The problem:
Return the whole listing exactly, omitting the pictures.

Supplied data:
=== Begin Enclosure ===
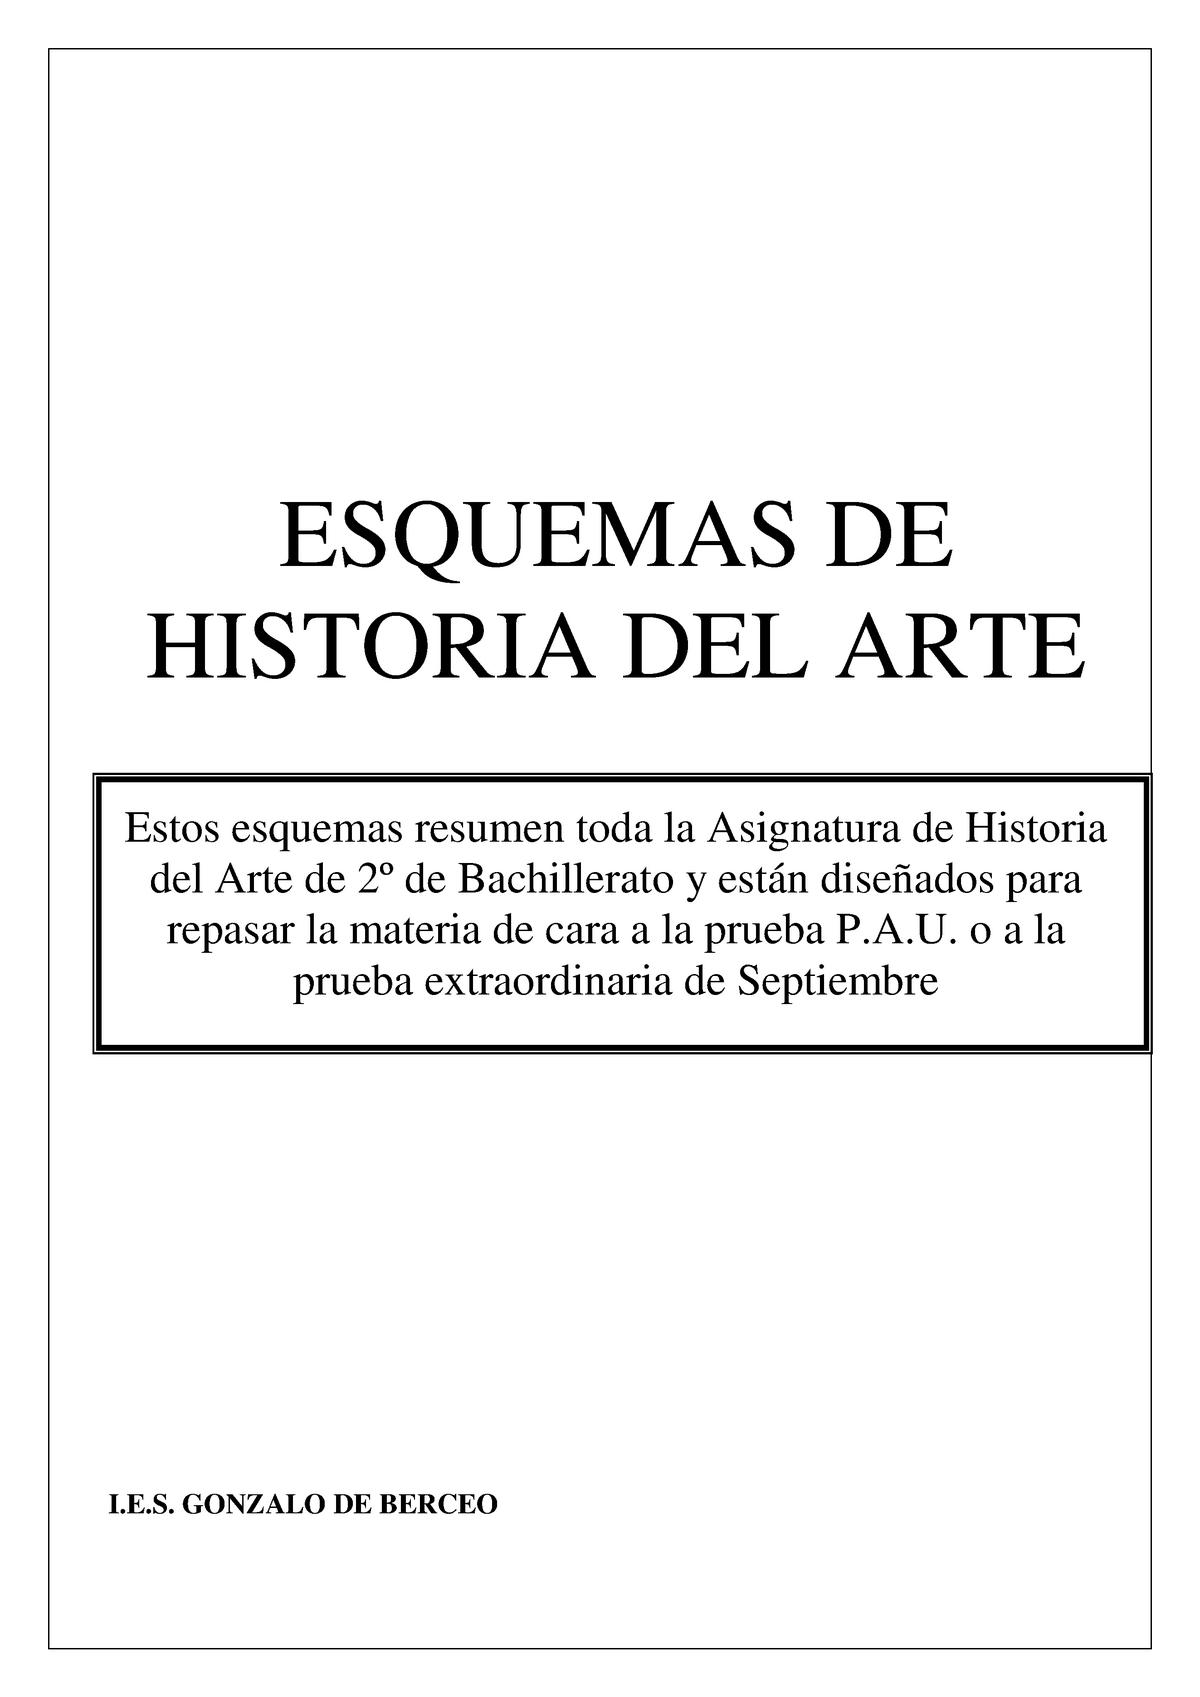 Copia De Esquemas De Historia Del Arte 00223344 Uned
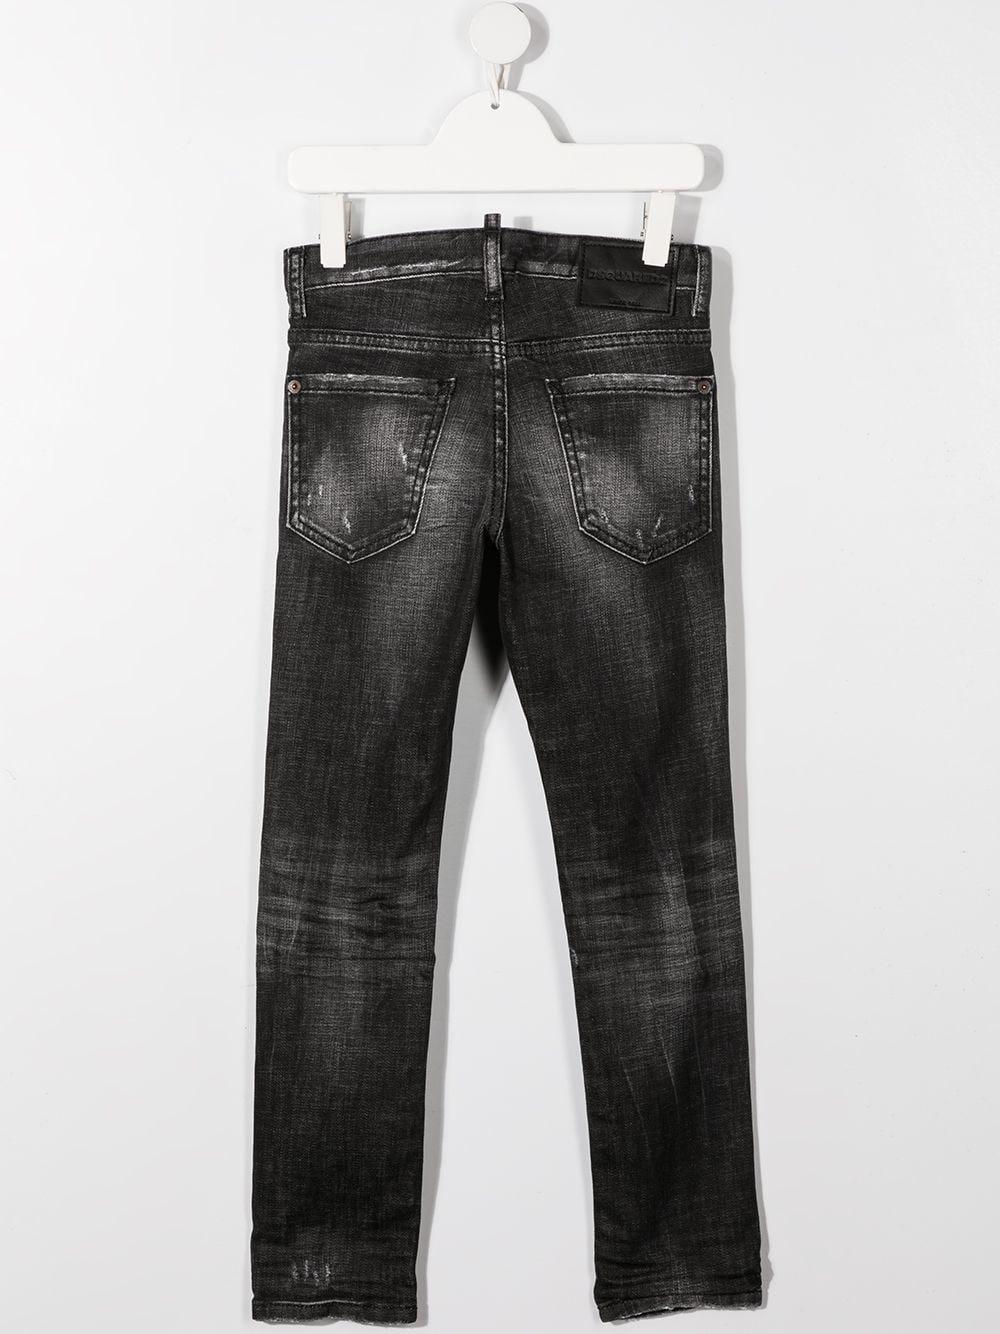 jeans nero DSQUARED KIDS | Jeans | D2P31BLVMDQ0234D004ZDQ02#
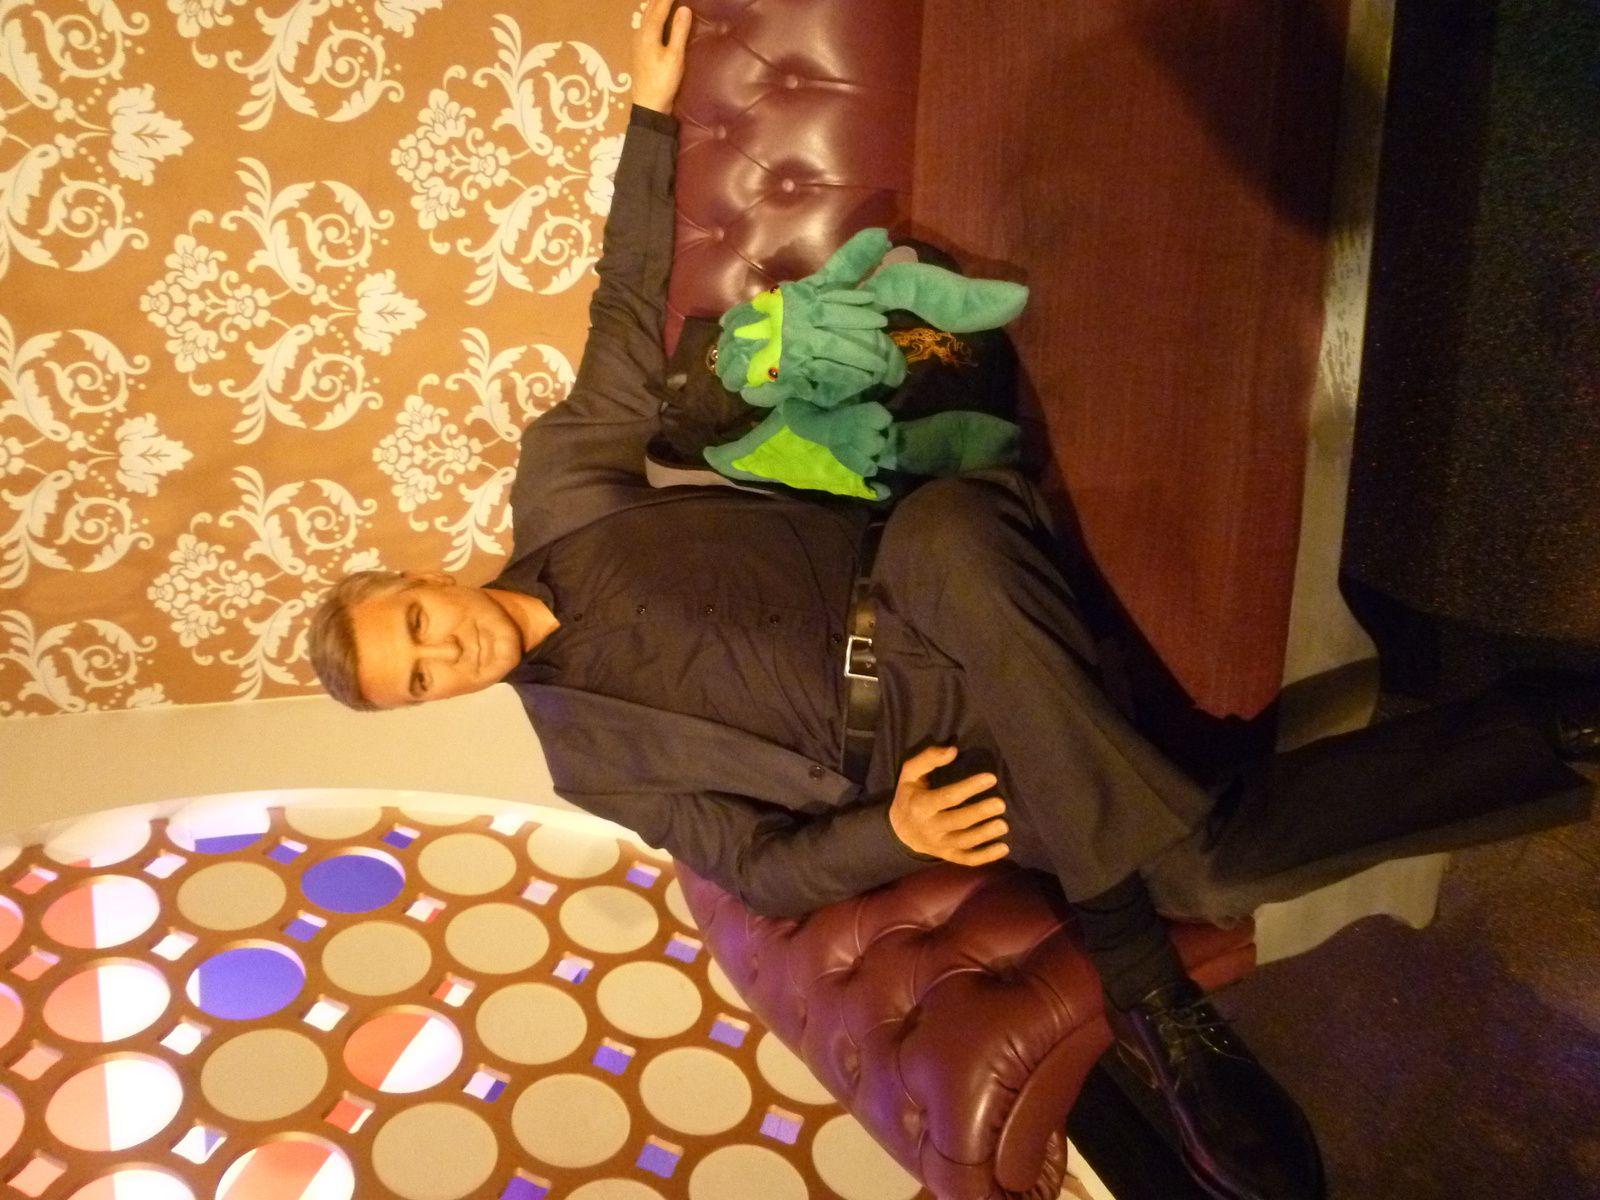 Cthulhu tente d'engager la conversation avec George Clooney...
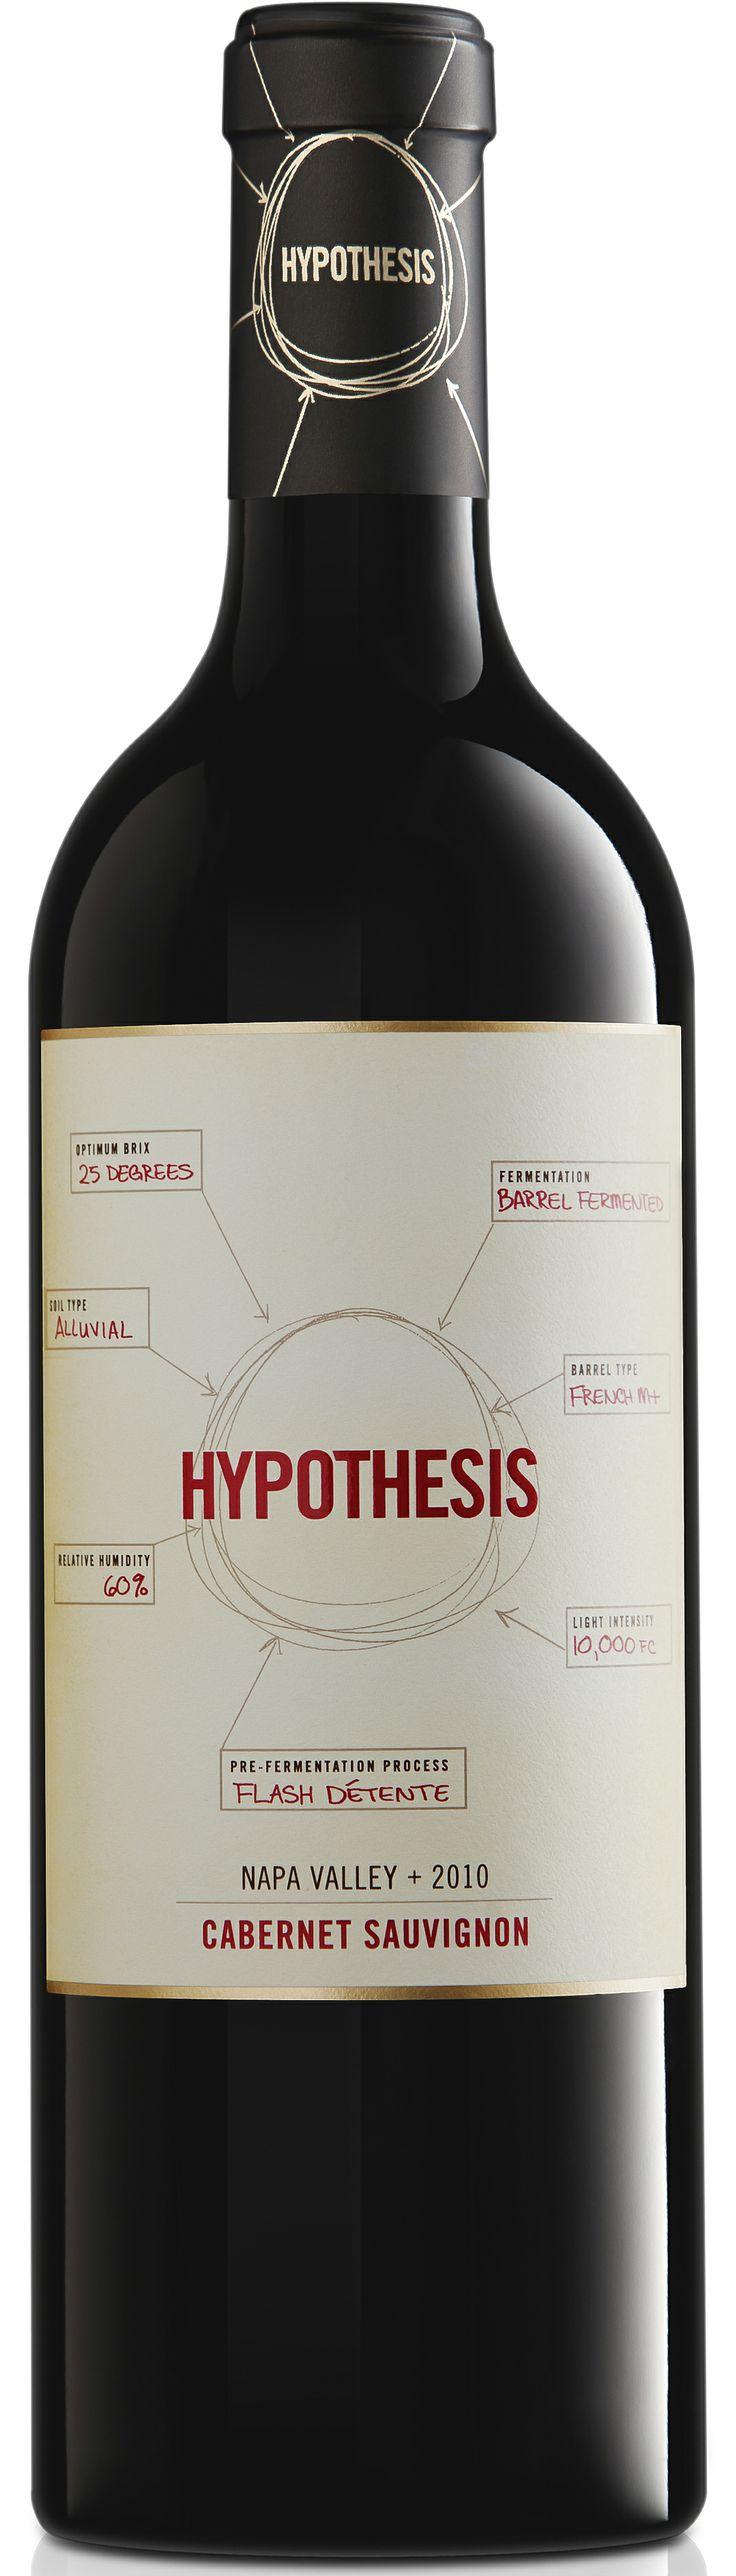 complex hypothesis definition
=== End Enclosure ===
Completed task:
 Copia De Esquemas De Historia Del Arte 00223344 Uned
 jeans nero DSQUARED KIDS | Jeans | D2P31BLVMDQ0234D004ZDQ02#
 Cthulhu tente d'engager la conversation avec George Clooney...
 complex hypothesis definition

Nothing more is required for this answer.